In FSI analysis, the metric of interest for the solid domain is usually displacement, as it is coupled to the pressure and velocity metrics of the fluid domain [116]. When setting up an FSI simulation, three boundary considerations are necessary: (1) the slip between the fluid and solid domain on the inner surface (also necessary for CFD), (2) the perivascular pressure acting on the outer surface, and (3) the degree of freedom of displacement for nodes within and on the ends of the truncated solid domain. Slip—most computational models assume no slip between the inner surface of the solid domain and the fluid boundary. This is generally considered a safe assumption, but will clearly have an impact on the resulting shear stress estimations [117]. Perivascular pressure—the pressure acting on the outer surface of the vessel is generally considered to be spatially uniform [1,96], and experimentally obtained physiologically accurate pressures are currently unavailable.
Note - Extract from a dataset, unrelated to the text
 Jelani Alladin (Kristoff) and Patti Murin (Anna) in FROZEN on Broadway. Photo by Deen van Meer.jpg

Therefore, while image-based relative area change (RAC) measurements with concurrent catheter pressure data cannot reveal true vessel constitutive properties or perivascular pressure [16], the resulting compliance would be a product of both and can be used as a first order approximation for FSI models. This technique is somewhat limited considering that it merely reveals strains in the radial direction but can be applied on a patient-specific basis and even for pre/posttreatment assessment. Nodal displacement—current computational schemes are capable of capturing both longitudinal and radial displacements of nodes on the inner/outer surface of the solid domain, which are necessary according to experimental measurements [118]. Nodes on the proximal and distal ends are usually constrained to be fixed [96,105] or occasionally allowed to move in the radial direction [1]. Nevertheless, since some approximation is necessary at these boundaries, it is common practice to apply them as far from the computational domain of interest as possible.
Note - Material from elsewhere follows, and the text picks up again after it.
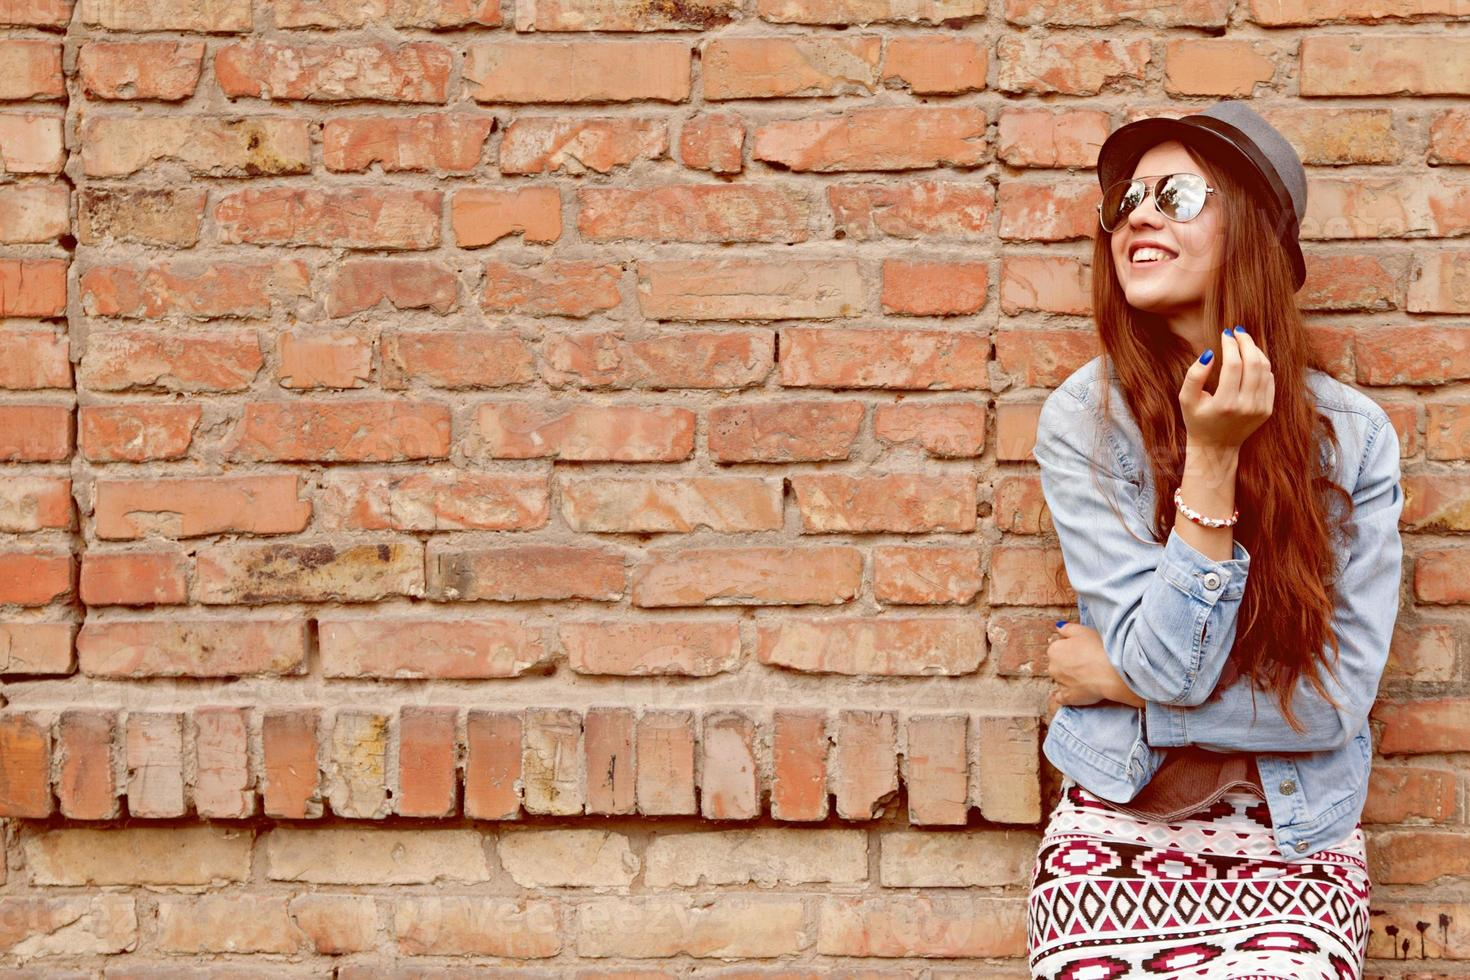 hermosa linda chica adolescente sonriendo cerca de la pared de ladrillo foto

As in CFD, FSI models also require boundary conditions at vessel truncations for the fluid domain. Nonphysiological wave reflections can arise at truncations due to numerical error, which can be minimized by properly coupling the 3D domain to the distal vessel dynamics [119]. In addition to the boundary conditions described in Secs. 2.4 and 2.5, an FSI computational domain allows one to incorporate the distal vasculature as geometric entities directly attached to the truncated outlets [100] (see Fig. 8). Each truncated outlet within the domain is extended by an elastic tube that is connected to a rigid contraction, meant to incorporate the compliance and resistance of the distal vasculature. This technique is as effective for simulating wave dynamics as the structured tree model; however, much like the Windkessel model, input parameters are not anatomically intuitive. Its main advantage is that it requires minimal preprocessing and can be used with any commercially available FSI solver. Because this model essentially requires extending the computational domain, no additional computational resources would be necessary for calculating impedance-based boundary conditions.
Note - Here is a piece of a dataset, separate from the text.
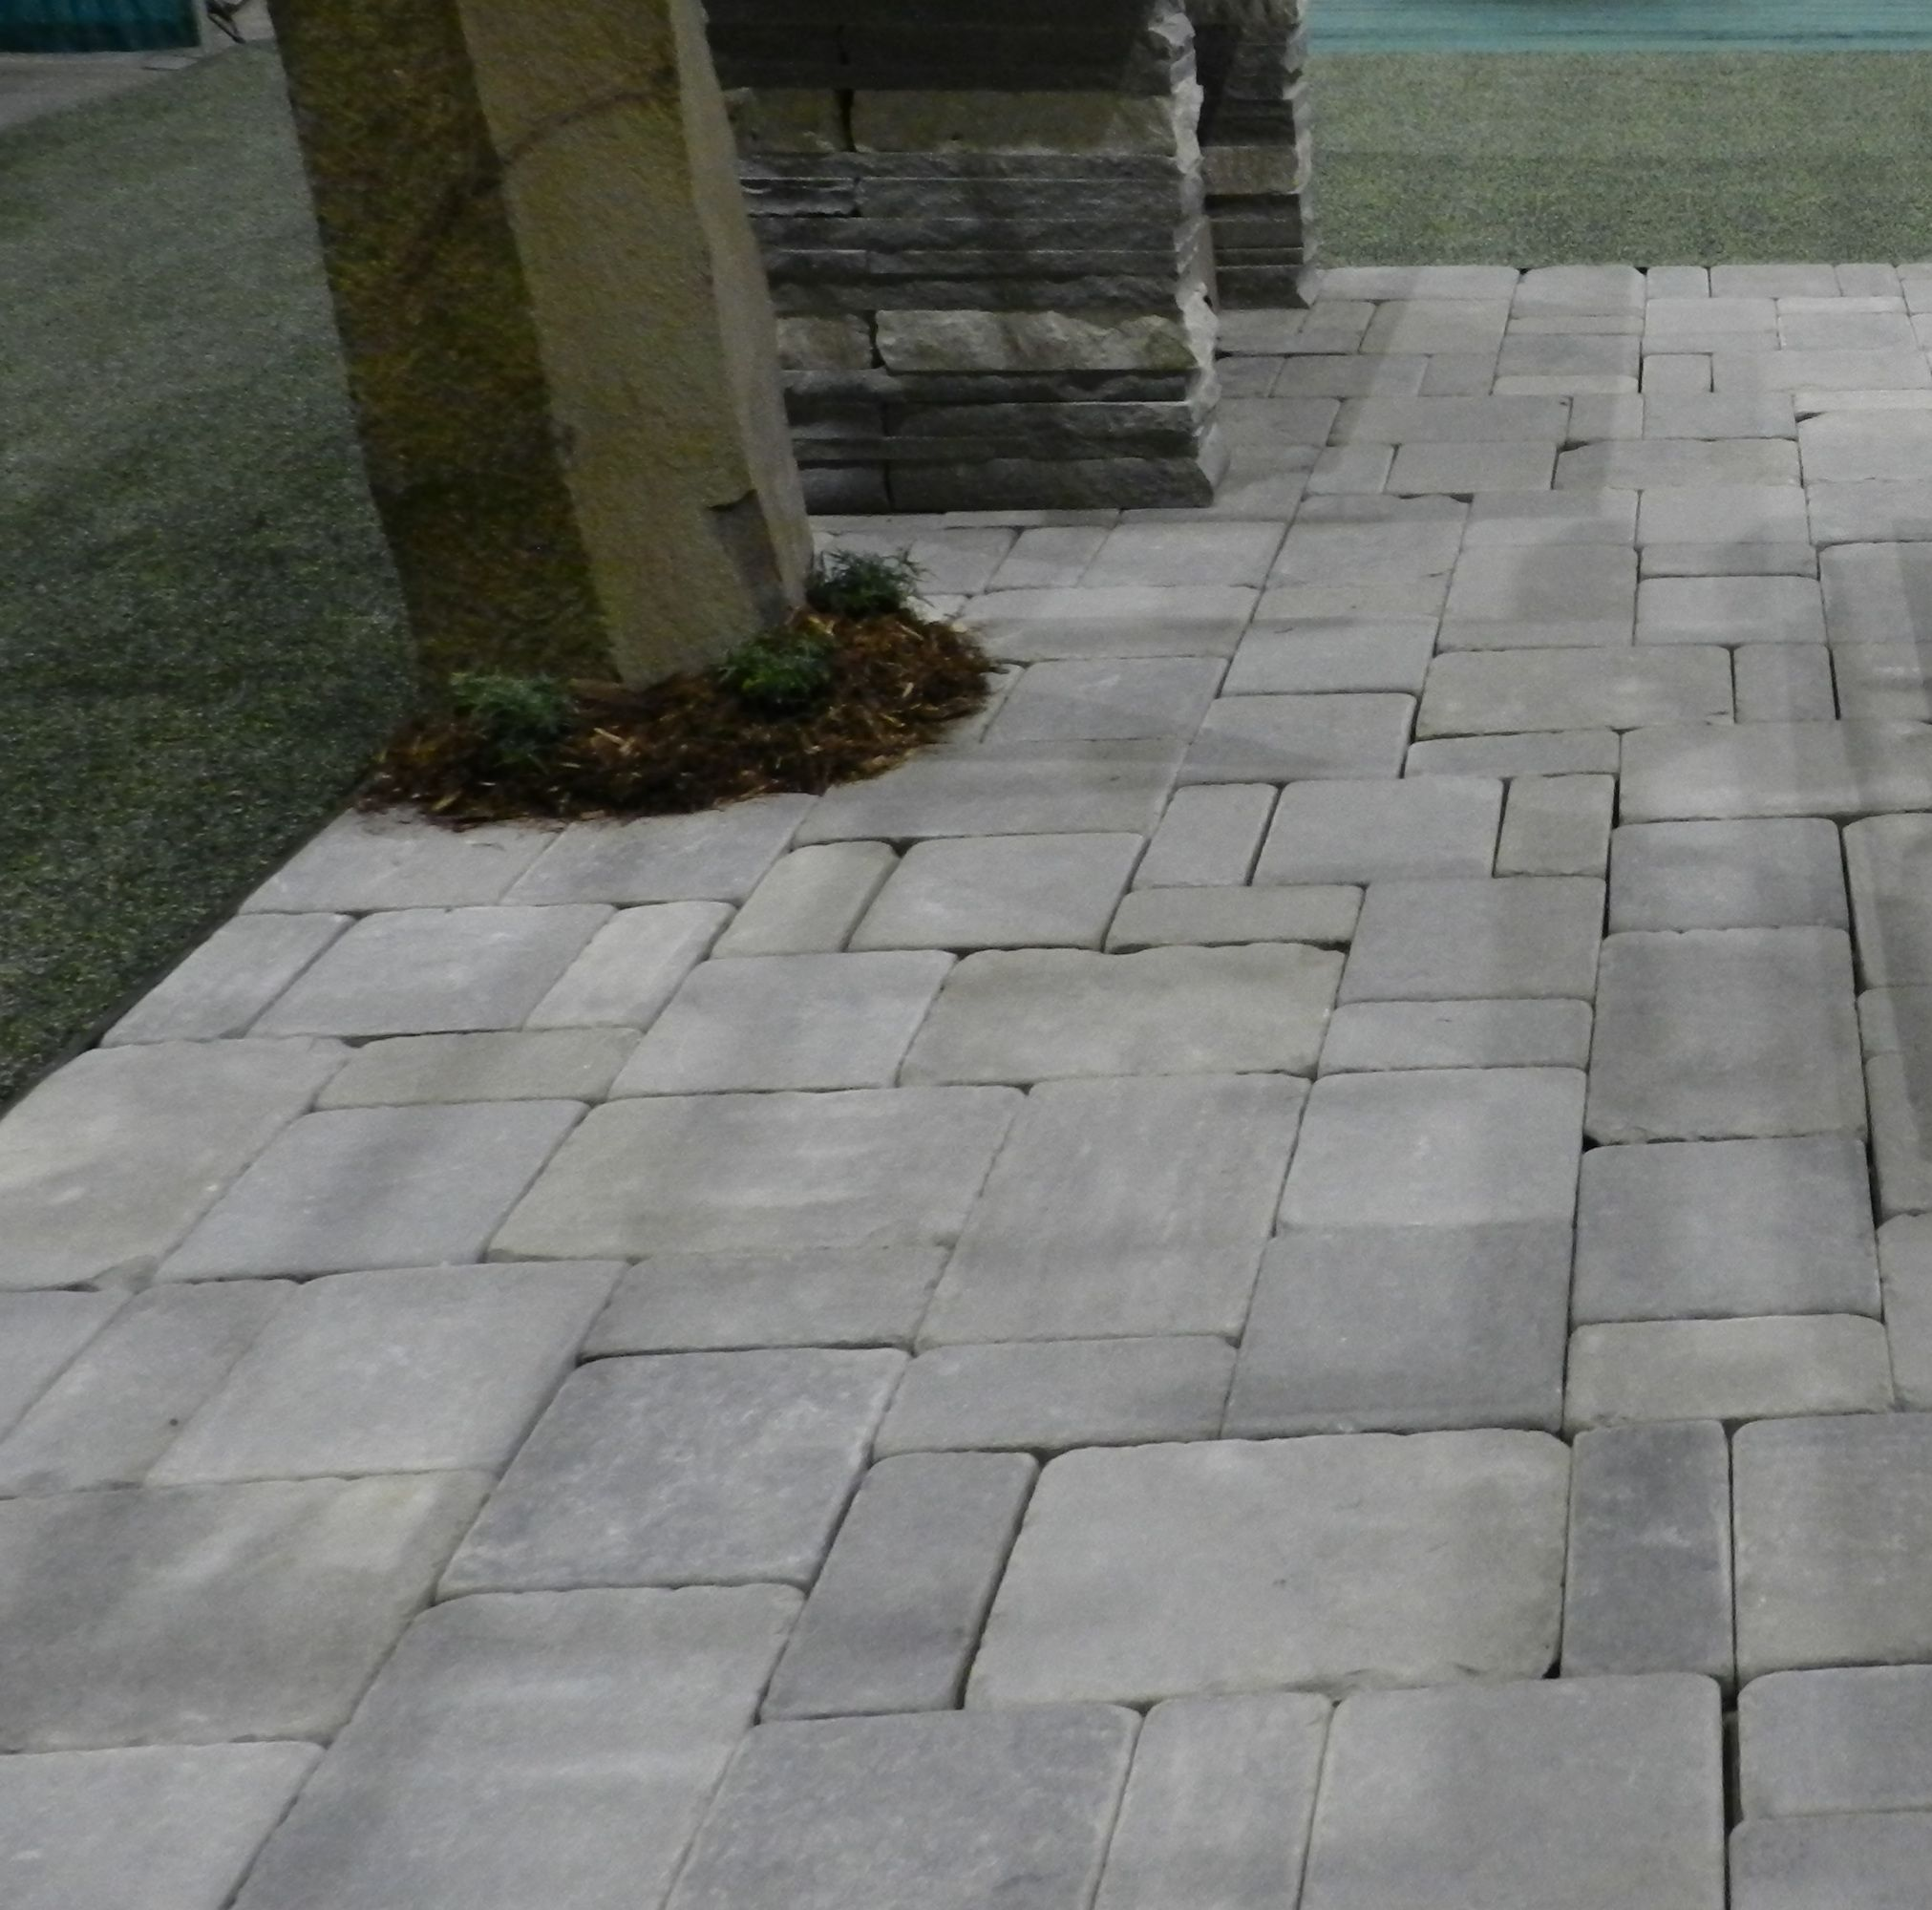 Patio Blocks And Stones : Nice bluestone patio design ideas

2.7. Flow Metrics of Interest and Their Significance.
Multiple metrics can be used to quantify the computational hemodynamics in the pulmonary circulation. For constant flow rate simulations, regional stress distributions can be critical parameters of interest but are highly dependent on model setup and segmentation. As described previously, vascular homoeostasis is highly dependent on WSS distribution on the endothelium. In fact, the arterial wall will gradually increase lumen diameter in response to increased flow in an effort to normalize physiological WSS [120]. Endothelial cells have been shown to align themselves with the flow, which corresponds to the local direction of time-averaged stress, and stress metrics are shown to be directly correlated with cell proliferation and apoptosis [121]. For clinical applications, as WSS is generally available through noninvasive means, it would be useful to correlate continuum metrics available from CFD/FSI analysis with current metrics used to assess PH disease progression, currently obtained through invasive and expensive catheterization. Consequently, posttreatment followup comparison with pretreatment hemodynamics metrics is currently impractical. Current metrics used to assess treatment efficacy are as rudimentary as the six-minute walk test, where a patient is asked to walk at maximum pace for six minutes to evaluate his/her exercise performance [122]. This frequently utilized noninvasive metric is easily influenced by unrelated external variables (e.g., arthritis, obesity, age, etc.). Therefore, not only can computationally obtained continuum metrics reveal findings about PH pathology, but they would allow a physician to manage a patient's treatment by offering an invaluable clinical tool for continuously monitoring a patient's response to therapy.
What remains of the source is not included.